As mulheres, de maneira geral, mas principalmente transgêneros, negras, negras e pobres, negras e pobres que são mães, sempre e infelizmente as mais vulneráveis. "Elas já vinham de um lugar de subalternidade, exploração e violência, o que se agrava nessas crises. O que está em jogo aqui é a rede de cuidados com as crianças, os velhos e com todos os integrantes de uma família —e essas profissões relativas a cuidados (psicologia, educação, enfermagem) são mal remuneradas porque são ligadas à ideia de que a mulher tem que cuidar por amor. Apesar de haver muita colaboração entre elas, essa rede de cuidado se rompeu", ressalta a psicóloga.
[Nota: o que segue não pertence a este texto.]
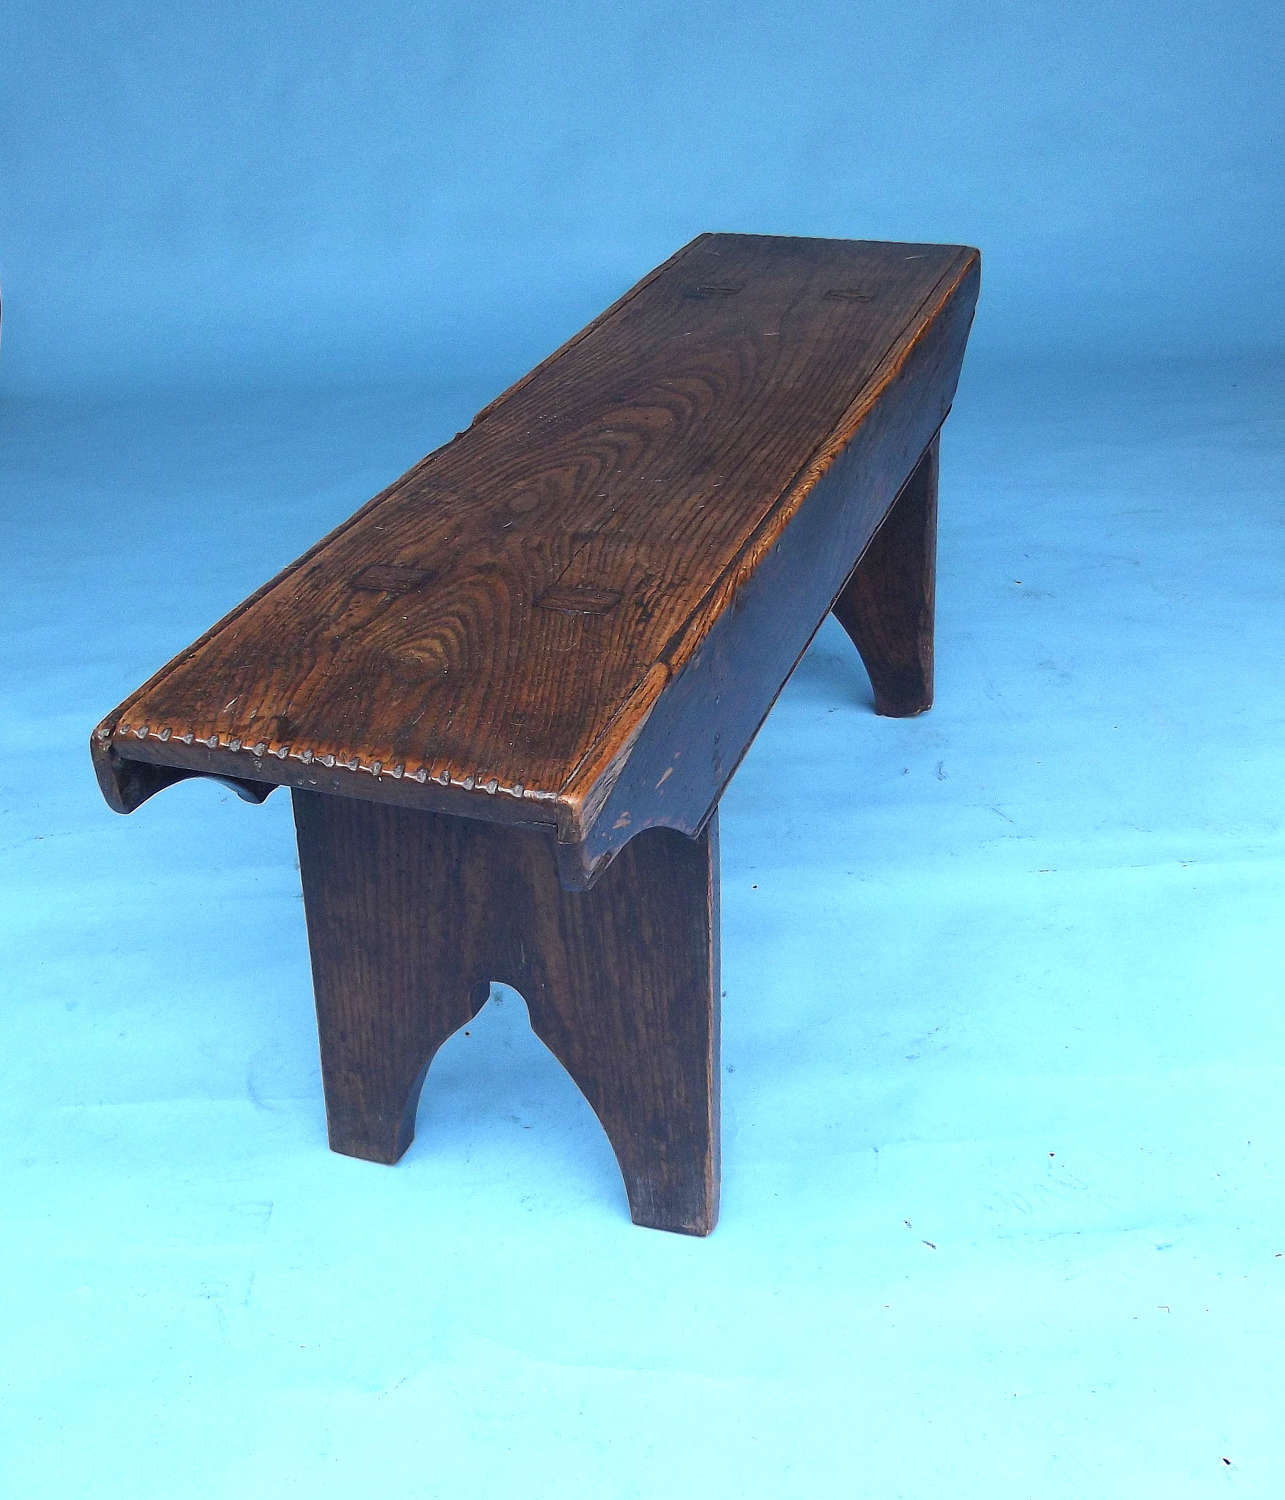 Early Furniture 19thc Ash Bench With Shaped End And Boarded Side C1800

O sofrimento decorrente de crises como esta é inevitavelmente coletivo. A maneira de elaborá-lo, aí sim, é pessoal e intransferível. Cada uma lida como pode, quando consegue, em meio a uma rotina cada vez mais custosa, fatigante e não raramente violenta. Vera Iaconelli reforça a necessidade de reconhecermos essa dor para que possamos curá-la conjuntamente. Todas nós fomos transformadas e estamos tateando uma nova forma de ser, cada uma à sua própria maneira, como dá conta. Tentando entender, na relação com o outro, o que se passa conosco. É uma experiência inédita para todas nós.
"E quem imaginou que o pós-pandemia ia ser festa não entendeu muito bem o que decorre de uma tragédia como essa, o luto que envolve e o tempo de recuperação que exige", arremata Vera Iaconelli. Um amigo querido resume sua tentativa de organizar esse turbilhão: "Só tô rindo com quem chorou comigo".